Writing an LLM from scratch, part 22 – training our LLM

−

js8

It's based on a book https://www.manning.com/books/build-a-large-language-model-f..., is it a good book?

−

checker659

I have done a little bit of DL stuff (with keras) before this. I'm currently in the attention chapter. The book gives you the code, but I feel like there is very little in the way of building intuition. Thankfully, there are tons of videos online to help with that.

I think it is a great guide. An extended tutorial if you will (at least until this point in my reading). Also having the code right in front of you helps a lot. For example, I was under the impression that embedding vectors were static like in word2vec. Turns out, they are learnable parameters too. I wouldn't have been able to tell for sure if I didn't have the code right in front of me.

−

dvt

The book gives you the code, but I feel like there is very little in the way of building intuition.

There isn't really much intuition to begin with, and I don't really think building intuition will be useful, anyway. Even when looking at something as barebones as perceptrons, it's hard to really see "why" they work. Heck, even implementing a Markov chain from scratch (which can be done in an afternoon with no prior knowledge) can feel magical when it starts outputting semi-legible sentences.

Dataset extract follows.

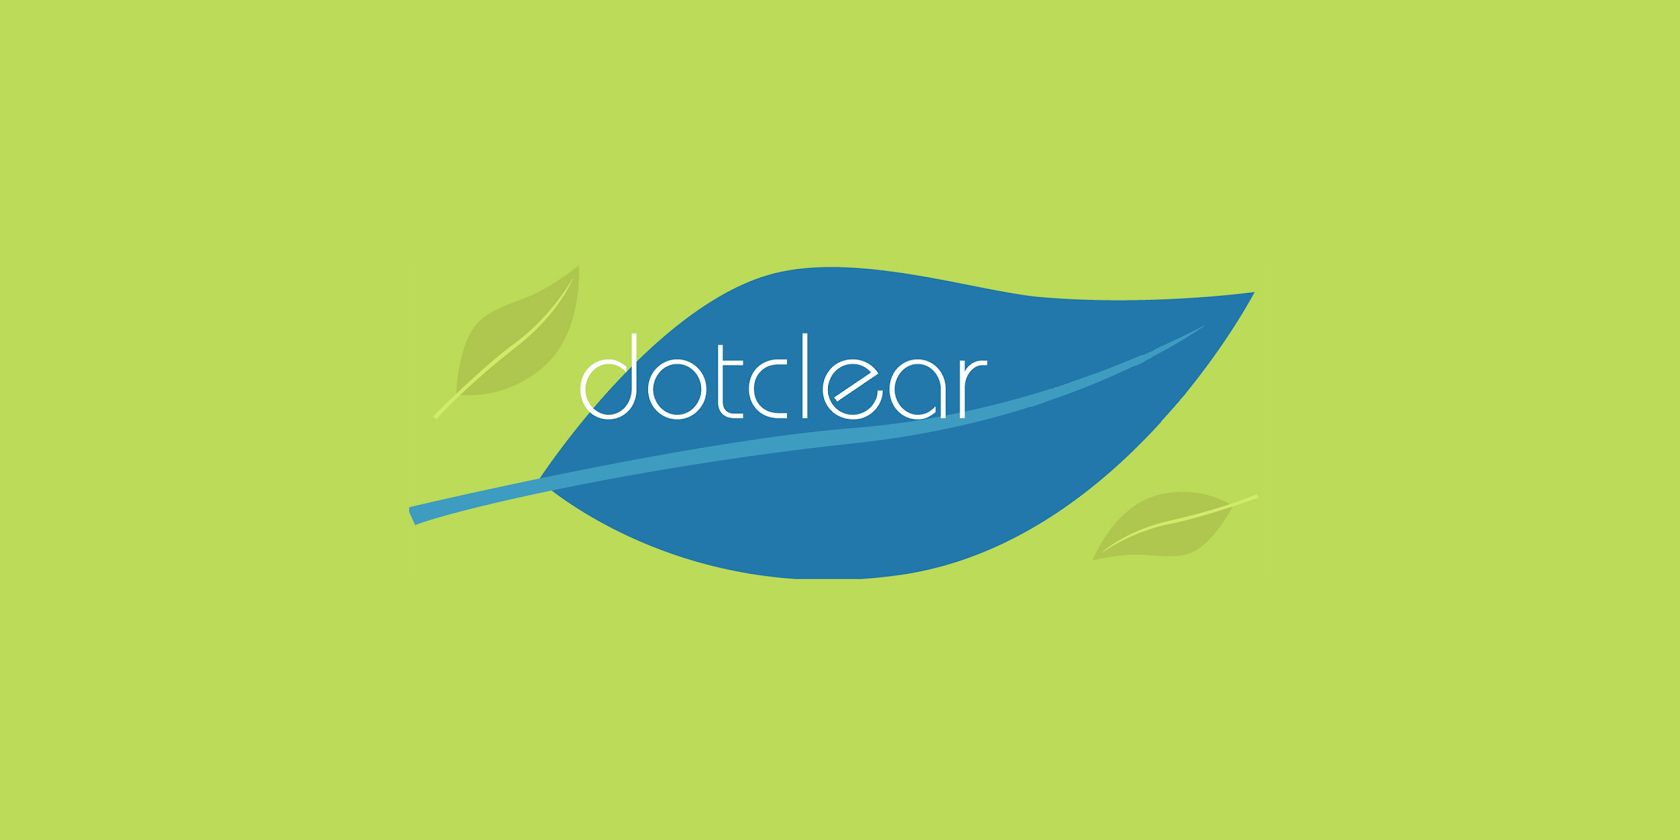 dotclear logo on a green background

It's like trying to build intuition when it comes to technical results like the Banach-Tarski paradox or Löb's theorem. Imo, understanding the math (which in the case of LLMs is actually quite simple) is orders of magnitude more valuable than "building intuition," whatever that might mean.

−

CamperBob2

Even when looking at something as barebones as perceptrons, it's hard to really see "why" they work.

Check out the Karpathy "Zero to Hero" videos, and try to follow along by building an MLP implementation in your own language of choice. He does a good job of building intuition because he doesn't skip much of anything.

−

checker659

Even when looking at something as barebones as perceptrons

I was thinking something like "it is trying to approximate a non-linear function" (which is what it is in the case of MLPs).

−

mettamage

Here's part 1^[1]. Since his archive goes by date, it makes it a bit easier to guestimate which part is made in which month.

[1] https://www.gilesthomas.com/2024/12/llm-from-scratch-1

−

3abiton

It's interesting 22 parts in under a year, seems like a fun up to date project. Karpathy did something very similar with nanochat (following nanogpt).

−

ziyunli

seems like you can filter by tag https://www.gilesthomas.com/llm-from-scratch

−

pppoe

Love this. This reminds me of LFS (Linux From Scratch) https://www.linuxfromscratch.org

Feeling nostalgic about the days building LFS in college.

Learning by building wouldn't help you remember all the details but many things would make more sense after going through the process step by step. And it's fun.

−

mrasong

The cost comparison between local RTX 3090 and cloud A100 clusters is useful, but I wonder if the author accounted for hidden overhead—like data transfer time for large datasets or the time spent debugging CUDA compatibility issues on local hardware.